Sir Ian Thomas Morrow (8 June 1912 – 19 April 2006) was a British "company doctor," accountant and briefly Liberal Party politician. In a long career, he saved many struggling businesses, the best known being Rolls-Royce.

==Early life==
He was born to Thomas George Morrow, a jute mill manager in Brazil, and Jamesina Hunter, of Pilmour Links, St Andrews, Scotland. Jamesina Morrow travelled home for her confinement, but only managed to reach Manchester before giving birth to Ian. Ian Morrow was a great-great-grandson of the famous golfer Old Tom Morris.

He was educated at the Dollar Academy in Scotland.

==Career==
To start his working career, he apprenticed with a Dundee jute company. He father insisted he take up accounting as his profession. In 1936, he became a chartered accountant.

During the Second World War, the partnership of Robson, Morrow & Co worked for the Ministries of Supply and Production. Morrow also undertook considerable work for the United Nations Relief and Rehabilitation Administration and the International Refugee Organization.

After the war, he formed a longstanding relationship with Hambros Bank, and in particular with Jocelyn Hambro, which would lead to a long, varied string of corporate assignments. He gained a reputation as a "company doctor" (a term he disliked): an expert capable of turning around troubled businesses. Perhaps his greatest challenge, and certainly his most publicised triumph, was with Rolls-Royce. The company was faced with bankruptcy during development of the RB211 aero engine. The British Government had to reluctantly step in and nationalise the business in 1971. Morrow was appointed deputy chairman (1970–71) and managing director (1971–72), and was in line to become chairman, but he resigned abruptly in October 1972 when his choice for his replacement as managing director was rejected by Michael Heseltine. Nevertheless, he had brought the crippling development costs under control and saved the company. In 1973, he was knighted for his efforts.

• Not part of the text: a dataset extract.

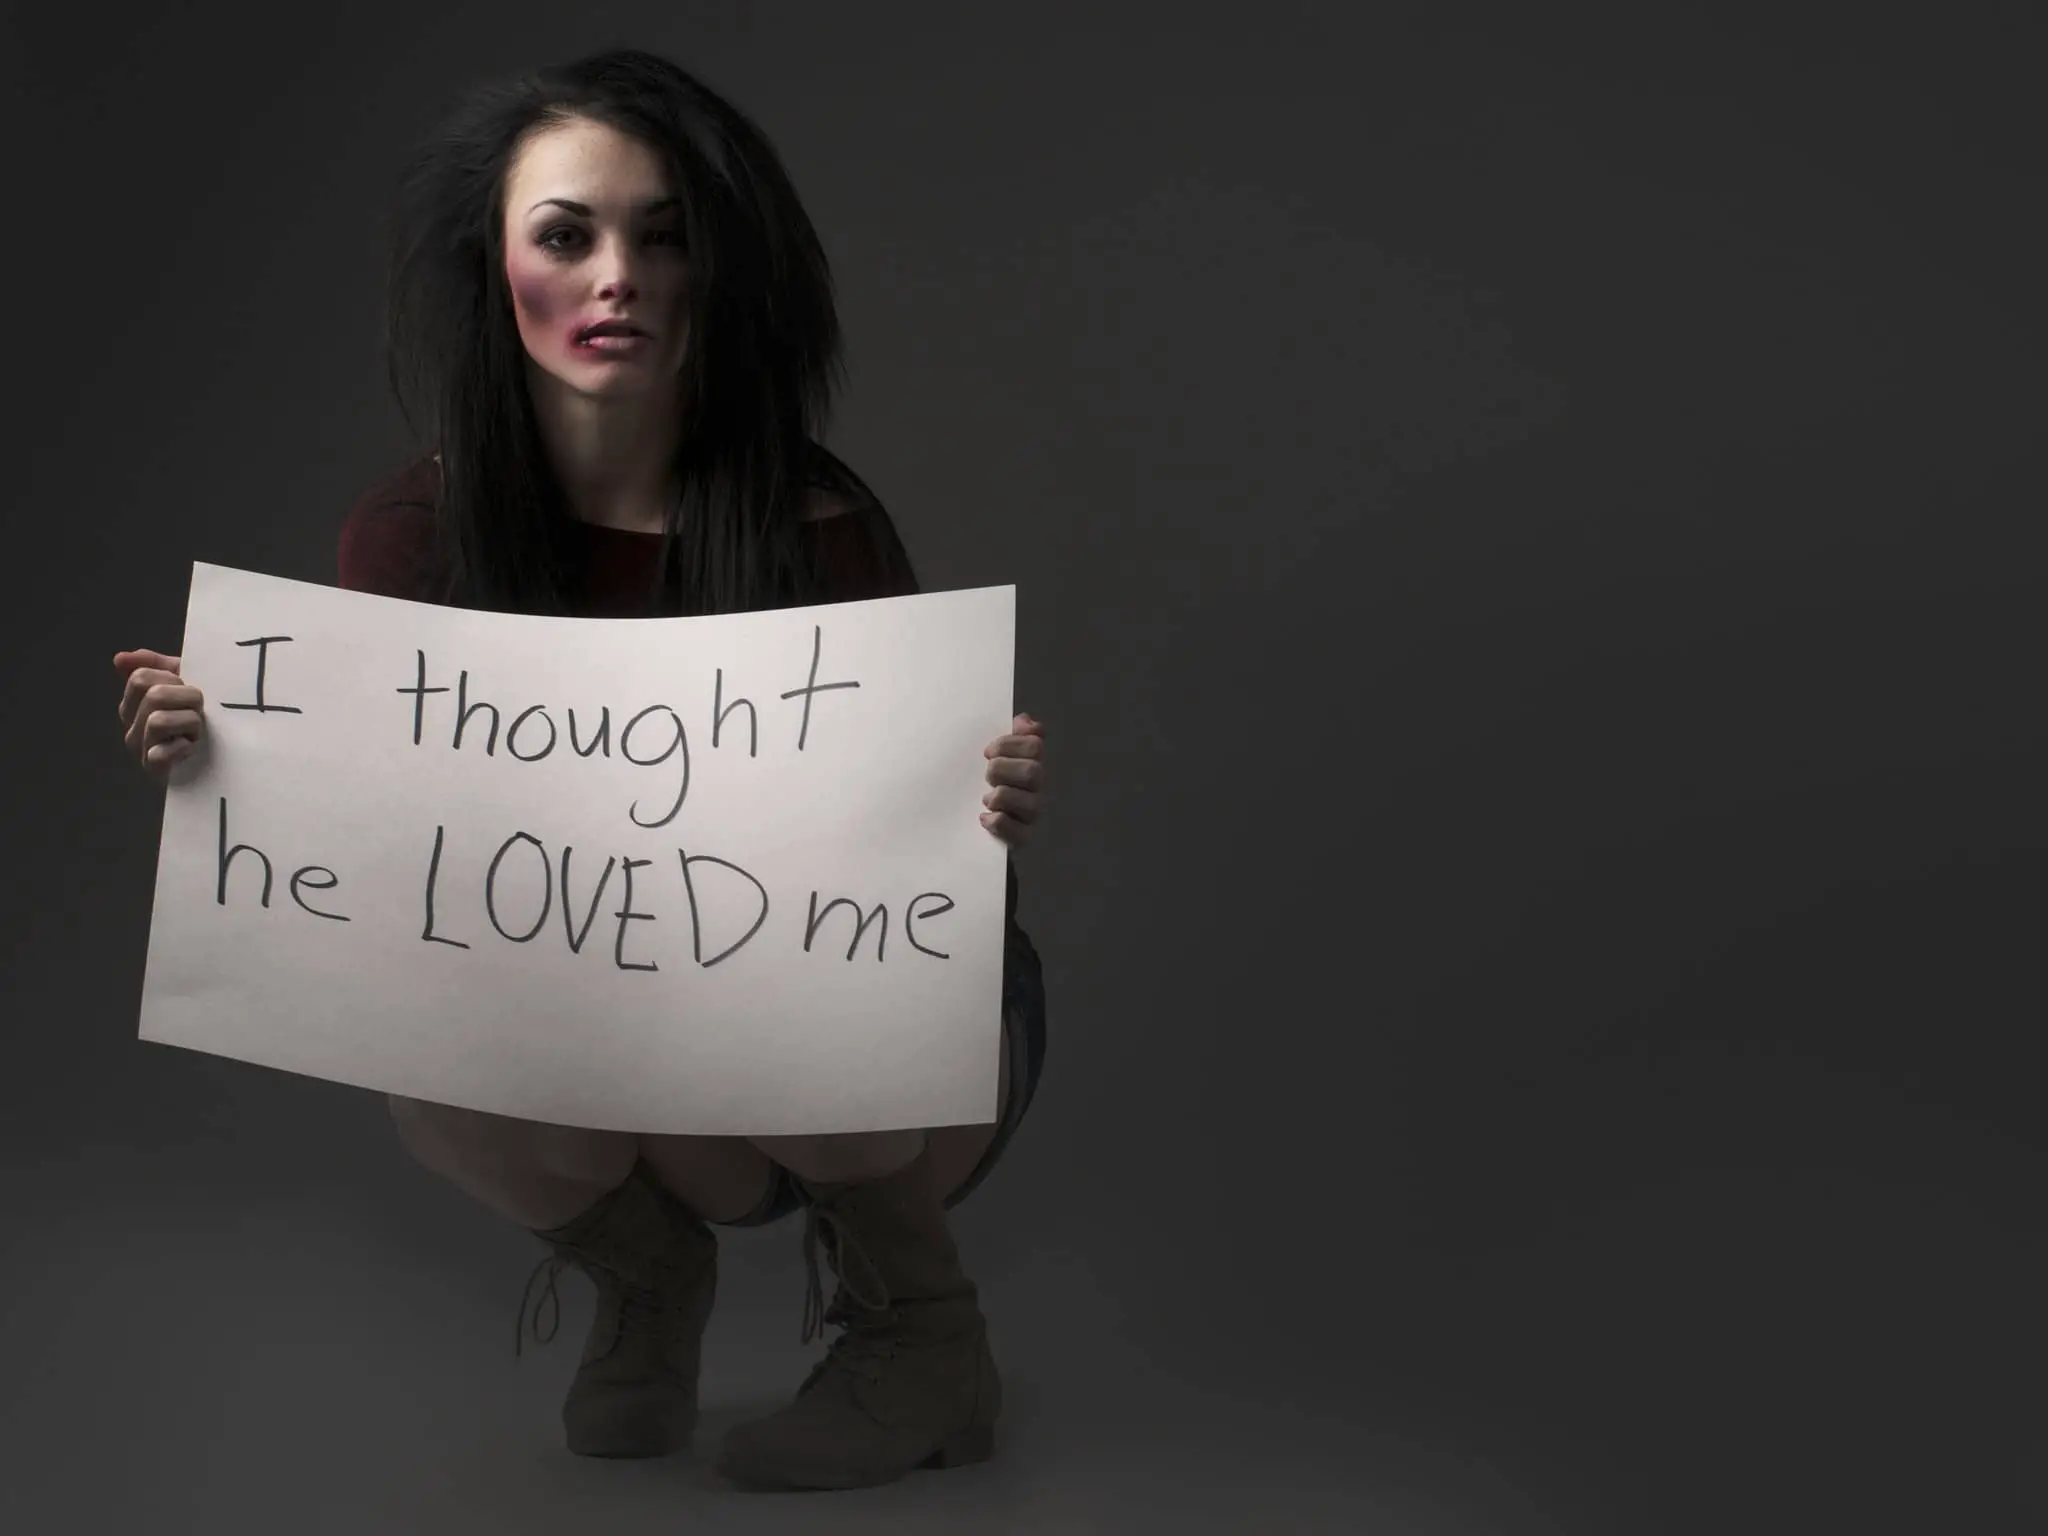 Woman kneeling down and holding a sign that says I thought he loved me

Morrow received an Honorary Doctorate from Heriot-Watt University in 1982

He remained highly sought after; he gave up his last public company directorship at the age of 85.

==Politics==
After the war, he was politically active with the Liberal Party. He was Chairman of the Henley Division Liberal Association. He was elected Chairman of Bicester Parish Council. He was Liberal candidate for the Kettering division of Northamptonshire at the 1950 General Election. He did not stand for Parliament again.

General Election 1950: Kettering
| Party |  | Candidate | Votes | % | ±% |
|---|---|---|---|---|---|
|  | Labour | Gilbert Richard Mitchison | 30,243 | 52.6 | −1.0 |
|  | Conservative | Sir Gyles Isham, Bt | 22,169 | 38.6 | −3.5 |
|  | Liberal | Ian Thomas Morrow | 4,692 | 8.2 | N/A |
|  | Communist | L.P. O'Connor | 368 | 0.6 | N/A |
| Majority |  |  | 8,074 | 14.0 | +2.5 |
| Turnout |  |  | 57,472 | 88.1 | 13.0 |
|  | Labour hold |  | Swing |  |  |

==Personal life==
In 1940, he married Elizabeth Mary Thackray. They had one son and one daughter. In 1967, the marriage was dissolved and he married Sylvia Jane Taylor. They had one daughter, film producer Al Morrow.